Actual imaging slice profile of 2D MRI

It has been known that the actual slice profile of 2D MRI is often far from that of a perfect rectangular shape especially when the flip angle is large. This can be the source of error and image artifact in many MRI experiments. To careful study this imperfection in RF excitation for various numerically optimized RF pulses, we have implemented an efficient numerical algorithm for simulating the evolution of the magnetization during a MR experiment. The scheme solves the Bloch equation via a numerical procedure that involves only the successive matrix multiplications, which are initialized by the values of RF amplitude and the frequency offset due to the companioning magnetic gradient field. It permits the consideration of the magnetization relaxation processes. The actual slice profile was numerically simulated by solving the Bloch equation for a given RF pulse shape and a slice selection field gradient. The simulation result shows that the slice profile is often far from perfect for many commonly used frequency selective RF pulses.
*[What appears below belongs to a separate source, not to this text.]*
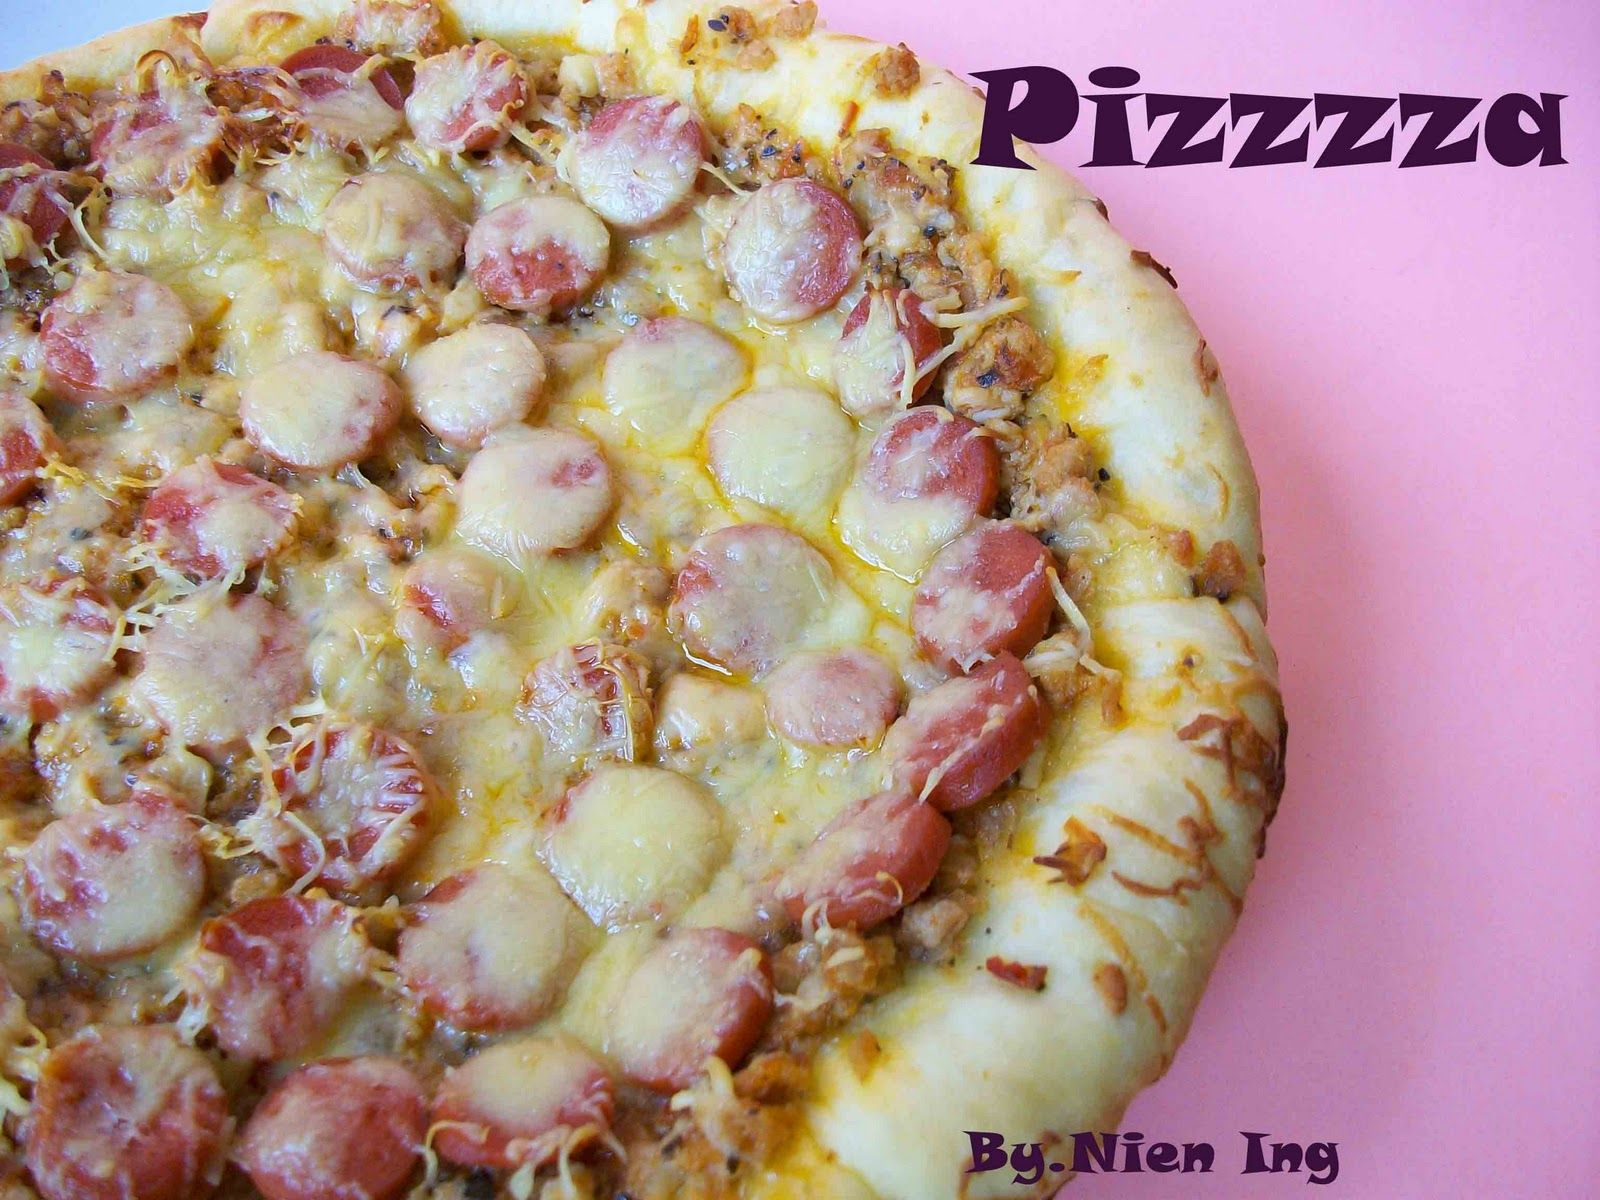 Pizzzzzzzza Akhirya Aku Bikin Pizza Juga Setelah Bertanya Sana Sini Ternyata Aku Lebih Sreg Pake Resep Roti Pizza Nya Dari Mbak Y Resep Resep Roti Pizza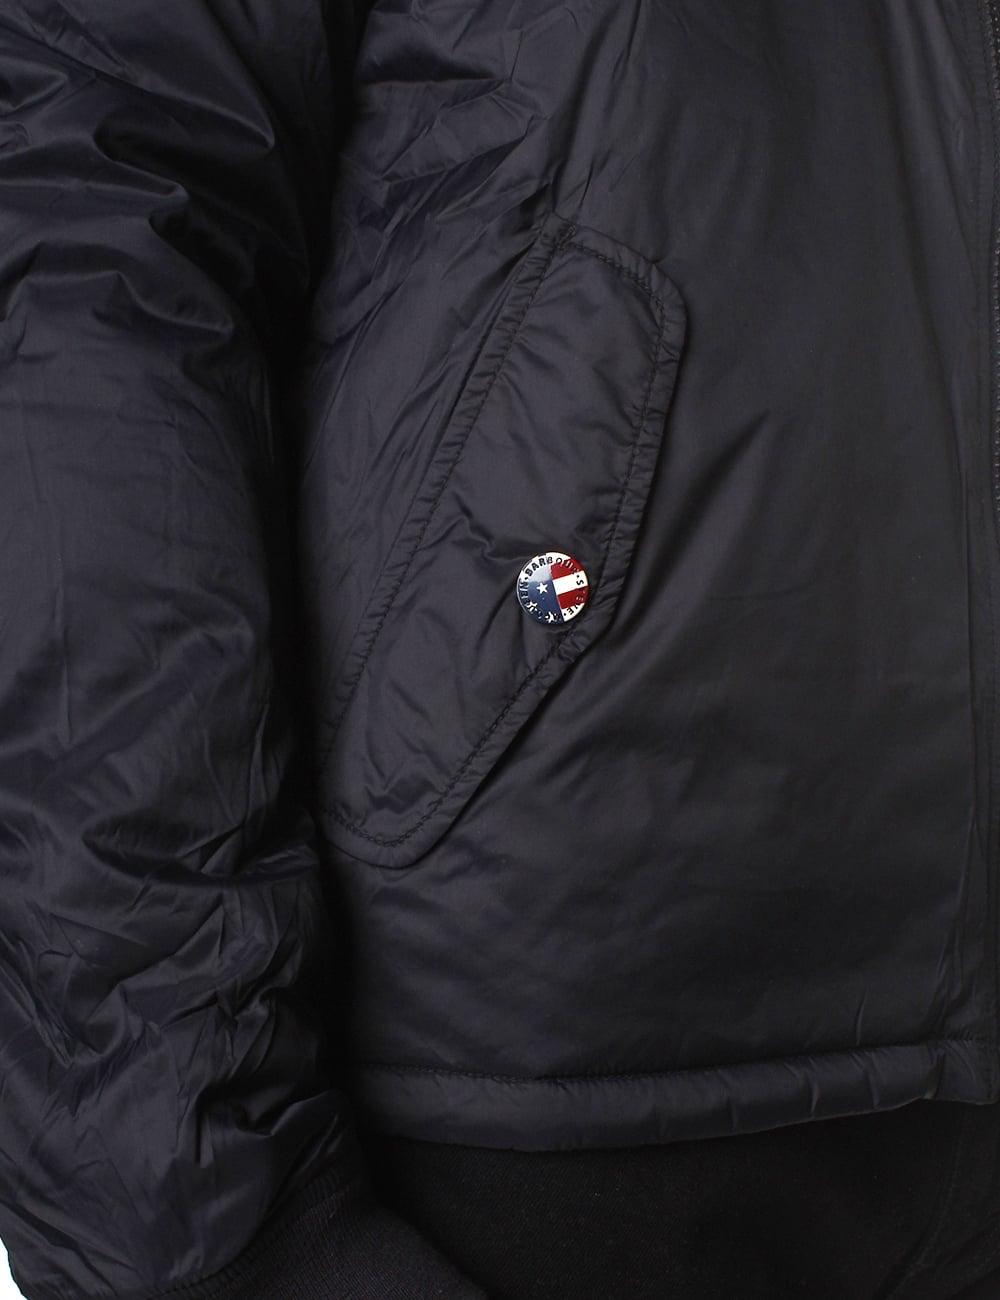 4829f6f9d Barbour Steve McQueen Oil Field Men's Quilted Jacket

As result of this, the apparent image intensity is an integrated signal over the slice envelope for the transverse magnetization for each pixel, which is an averaged contribution over the entire slice thickness, and can be significantly different than that predicted by the ideal case. As expected, this discrepancy worsens when the flip angle exceeds the flip angle for which the RF pulse was optimized. Furthermore, in the routine diagnostic imaging, because of the non-uniform excitation angle along the slice profile, it generates non-uniform steady state profile and can even alter the resulting image contrast.